# Where to camp near Washington, DC?



## Cindy Hendricks (Jul 12, 2005)

I'm taking the kids to see the White House and need some suggestions on family-oriented campgrounds closest to Washington DC to stay.  I'd like a place with cabins or trailer rentals. Any suggestions??
Cindy


----------



## turnipbwc (Jul 12, 2005)

Where to camp near Washington, DC?

www.capitolkoa.com/


----------



## Cindy Hendricks (Jul 12, 2005)

Where to camp near Washington, DC?

Thanks turnip42, I'll check it out.


----------



## turnipbwc (Jul 12, 2005)

Where to camp near Washington, DC?

No problem....use google and type in "washington dc campgrounds",  should get more results.
I'll be ready when you pick me up.   :laugh: 
turnip42


----------



## Cindy Hendricks (Jul 13, 2005)

Where to camp near Washington, DC?

Thanks Turnip42.  
Cindy


----------



## Kirk (Jul 14, 2005)

Where to camp near Washington, DC?

Try staying at (http://www.nvrpa.org/pohickcamp.html#pohickfamily) Pohick Regional Park. 
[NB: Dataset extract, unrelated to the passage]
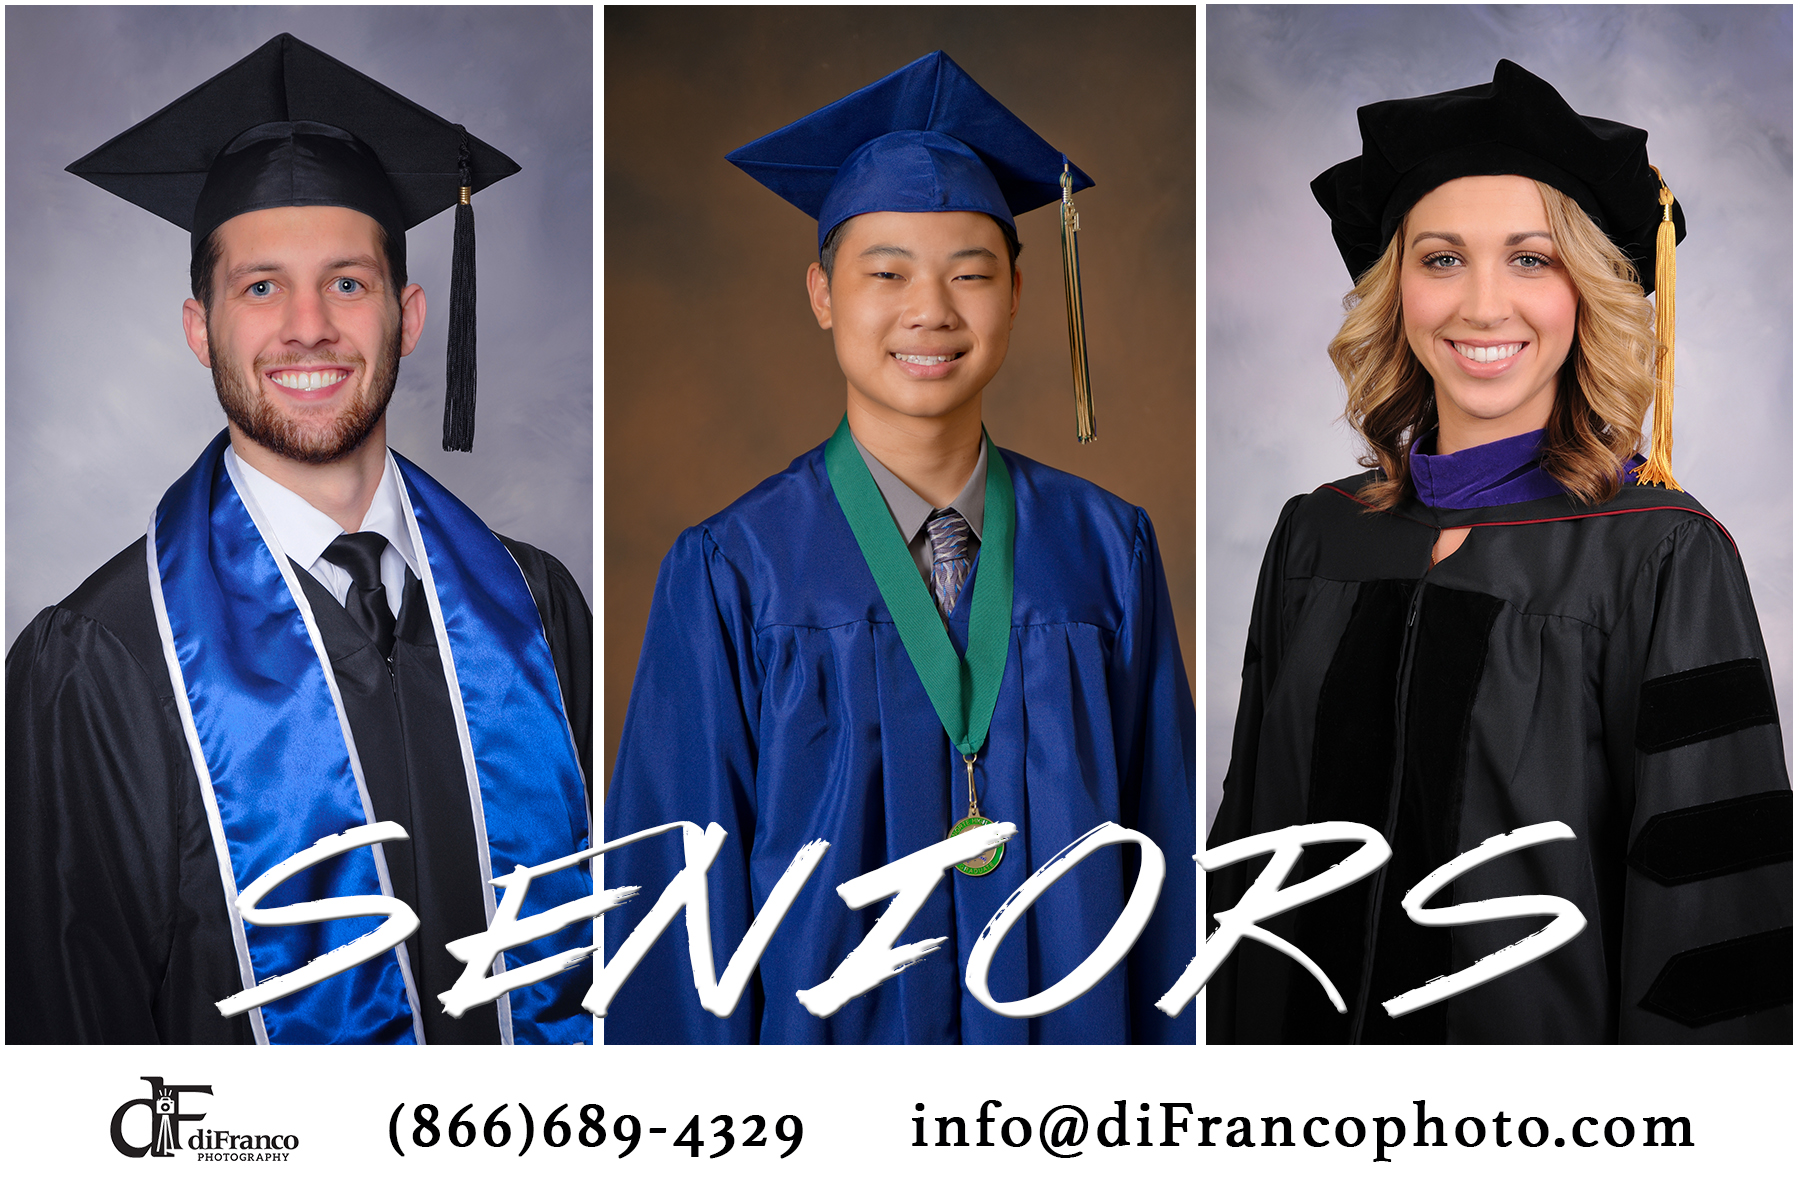 Pictures of graduates in their cap and gown taken by diFranco Photography during Grad Fair.

We stayed there two years ago and it was great. And it is located just 15 min. from the last stop on the Metro Trains so it is very easy to get into the city.


----------



## DL Rupper (Jul 20, 2005)

Where to camp near Washington, DC?

Check out Cherry Hill Park, Md. Its in the TrailerLife Campground Directory. It is right on the busline to the Subway which takes you right to the Capitol sights.


----------



## janicenlarry (Jul 20, 2005)

Where to camp near Washington, DC?

Semper Fi is right on.  Cherry Hill has everything, especially location and convenience


----------



## Cindy Hendricks (Jul 20, 2005)

Where to camp near Washington, DC?

Thank you for your help and guidance.  I did contact Cherry Hill but they were all booked for the dates I needed.  I found a great deal on a 3 story cottage about 45 minutes from the Capital.  It's almost too good to be true.  I'll let you know how it went when I return on August 1st.  
Cindy


----------